To get a better job from the re-stumping I removed all the floorboards (Baltic Pine (Sold)). I layed yellow tounge as  not to worry about damage to floorboards and will lay the new boards over these for more insulation. And use a hardwood, not a fan of baltic pine as it is to soft for a floor.

----------


## phillta

Hi Jimmy 
How did you go about selling your old floorboards? We're in a very similar position - ripping up the baltic pine boards to restump and get insulation in and then laying yellow tongue but carpeting over.It's about 40sqm and I've been wondering what to do with the boards. We've no real interest in reusing them. 
Tim

----------


## Jimmy72

Hi Philta, 
I sold my to a mate who is doing an extension on his house.  
But there are plenty of secondhand/recycled timber people around. Mine had never been touched and were under carpet so a few people where interested. It also depends on how many meters you have, because if you have a fair amount they seem to get a bit more interested. Are the 22mm thick? Good if they are they get more interested. 
Cheers

----------


## shed108

> Hi Jimmy 
> How did you go about selling your old floorboards? We're in a very similar position - ripping up the baltic pine boards to restump and get insulation in and then laying yellow tongue but carpeting over.It's about 40sqm and I've been wondering what to do with the boards. We've no real interest in reusing them. 
> Tim

  I'm looking at needing some Baltic pine boards, if you like let me know what size the boards are, and I'll see if they match.  Love the reno, must be so satisfying stripping back to the frame and fixing every little thing so YOU know it is done correctly and not going to cause you hassles later.

----------


## Jimmy72

Hi Tim, 
Sorry mate but all the floorboards went long ago.Yeah it is good getting it back to a clean frame. It means I can put in max insulation. I am working on the outside at the moment so I can get the weatherboards off and put up a weather barrier. I hired a sandblasting crew to speed it up turned out pretty good. This heat is killing me at the moment.

----------


## Jimmy72

As well as the epic Man vs Tree. The gas pipe and telephone line run through it.
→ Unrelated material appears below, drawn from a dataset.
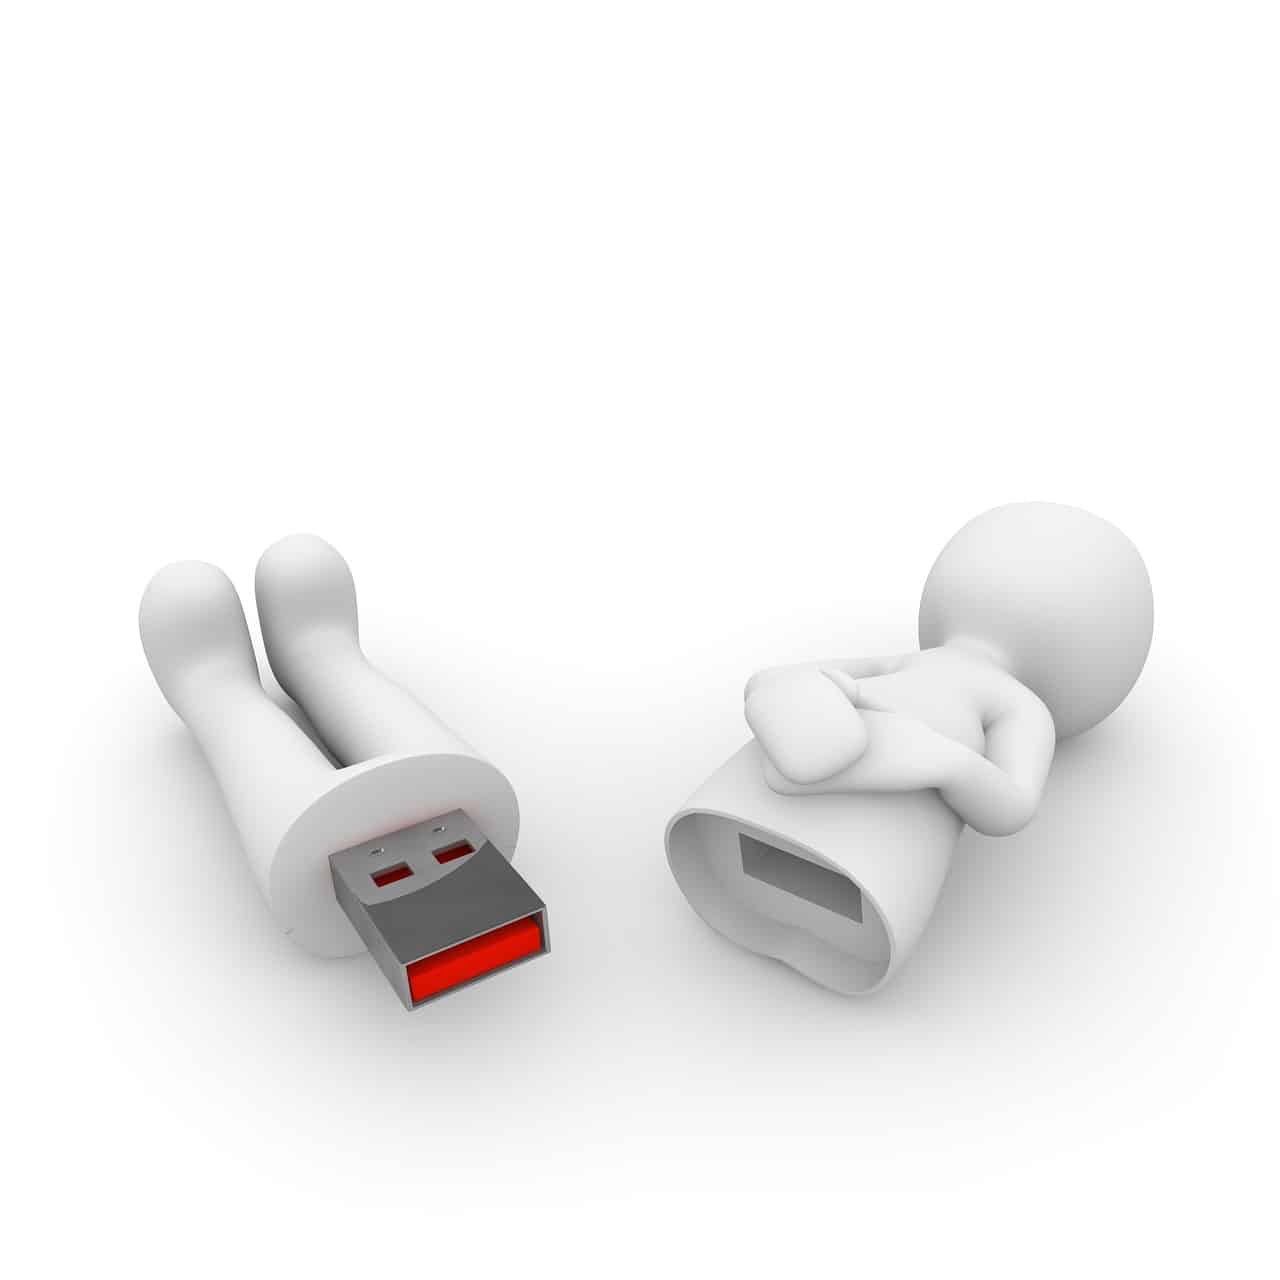 Clipart eines USB Sticks in Form einer Figur geteilt

So I dug it out :Shock:

----------


## phillta

Seriously Jimmy, your place is so similar to mine it's scary, even down to the whacking great stump in the front yard - and we're living in the back while we're pulling it all apart too. 
Have you got someone lined up to do your roof? We struggled a bit in that regard so I'm interested to hear how you've gone.

----------


## Jimmy72

Hi Tim, 
I'm getting a local roofer to do it 'Joe Conway Roofing'. $3500 only for the roof, no guttering as I have to do the fascia. Good bloke. 
PS. Some of the back isn't getting done just yet. Not until the extension.

----------